Ultimately, Spotlight hinges on institutional secret-keeping. The conscious and legally-binding effort of the Church is paired with a less mindful yet equally damaging cover-up exercised by the entire community. The audience searches for a scapegoat to blame for allowing this story of mass abuse to fall under the radar. The questionable reliability of the charity campaigner is proved to be legitimate; the glib, corporate, and seemingly uncooperative lawyer in fact attempted to expose the abuse years earlier.

It is a sad moment when Robby, the man tasked with exposing the story and the audience’s friend throughout the film, admits that he, too, must bear some responsibility for participating in the culture of silence. Robby is the everyman of Boston: when he accepts his role in the scandal, so must the city. Boston is described as the “biggest small town in America”: skeletons in closets are common knowledge. It took an outsider, the out-of-towner Marty Baron (played by Liev Schreiber), to pierce through the thick skin of self-denial and tear out the scandal lurking underneath.

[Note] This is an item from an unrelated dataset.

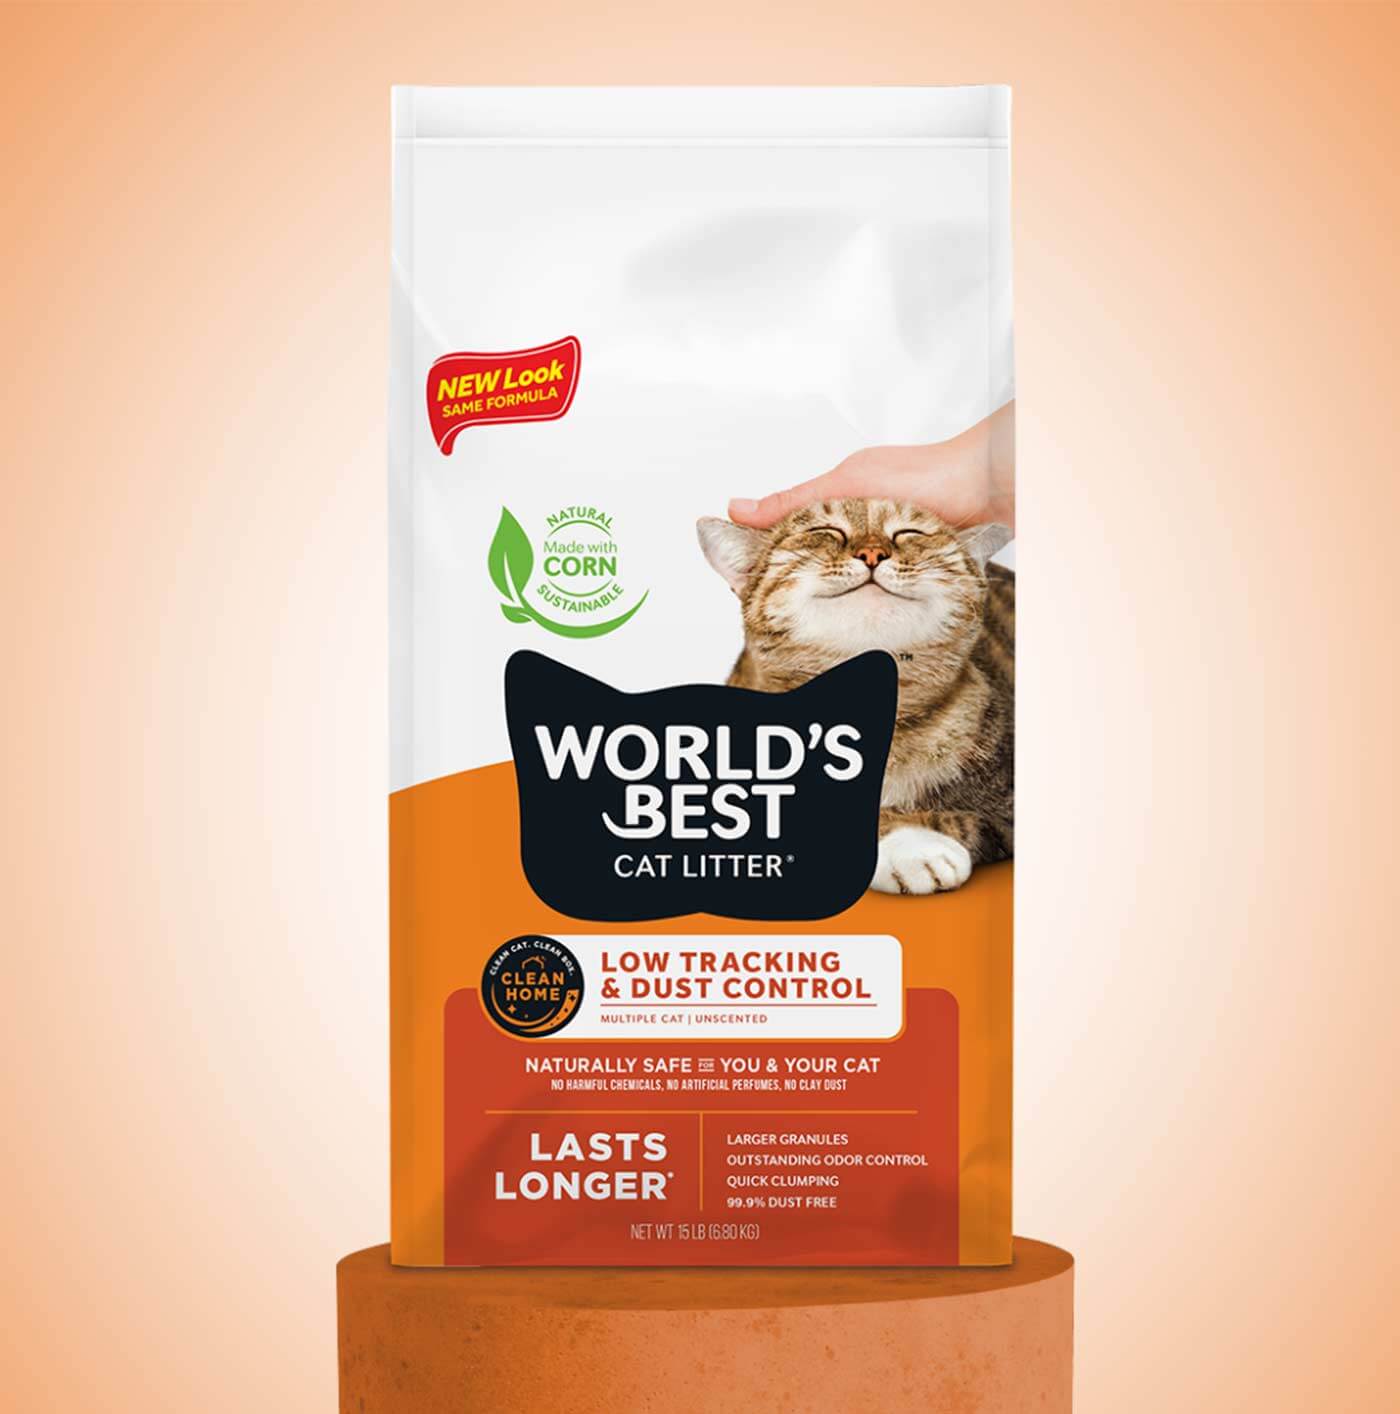 World's Best Cat Litter - Low Tracking & Dust Control
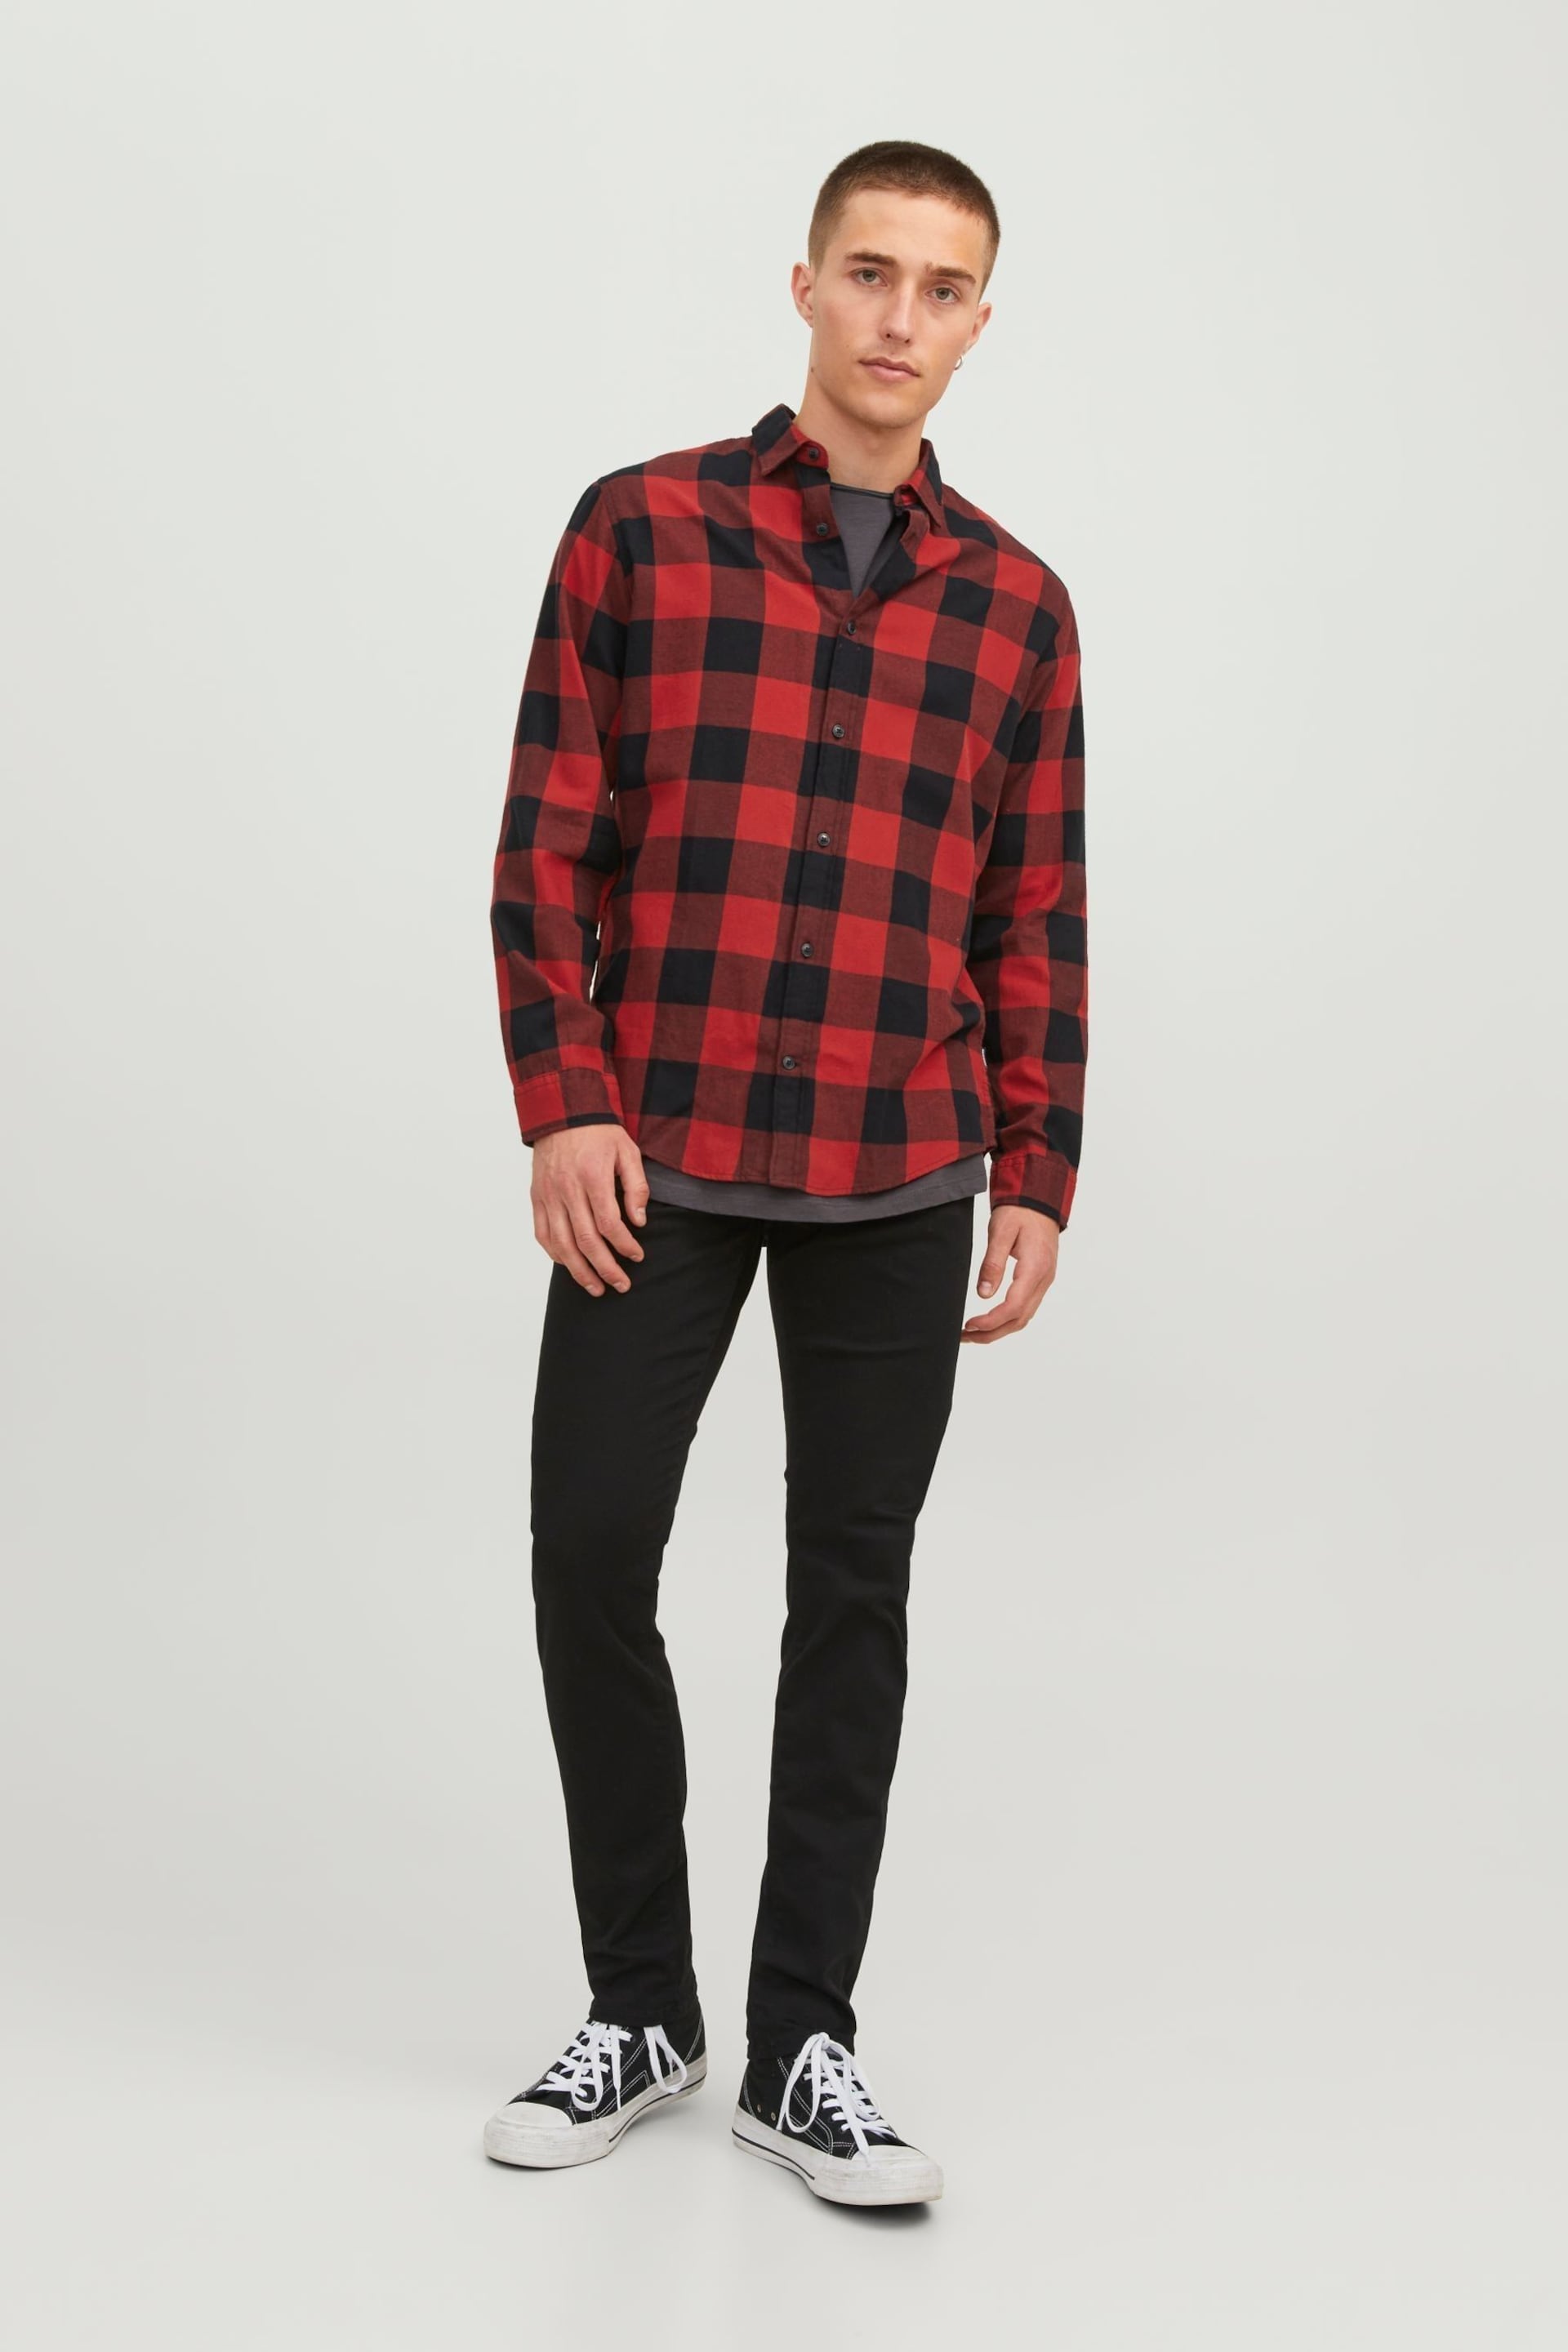 JACK & JONES Red Button Up Shirt - Image 1 of 6

The initial estimate of thirteen abusive priests in the Boston area was shocking enough; it is a stomach-turning moment when an expert reveals that a more accurate estimate would be closer to ninety. The range of reactions found within the Spotlight team – the sympathetic ear of Rachel McAdams’s Sacha Pfeiffer, the bumbling anger of Brian d’Arcy James’s Matt Carroll – make this film an exploration of civilisation pushed to its limits. Visually, this film is inherently unglamorous: the HQ of the operation is in a grey, basement office, filled with off-white shirts, limp plants and dirty mugs. Perhaps that explains the distinct lack of successful journalistic thrillers since 1976’s All the President’s Men, depicting the exposure of the Watergate conspiracy. Despite the unremarkable setting, Spotlight tells a gripping story: it has stomach-turning bombshells, truly moving struggles and a satisfying reassurance of the power of a free press.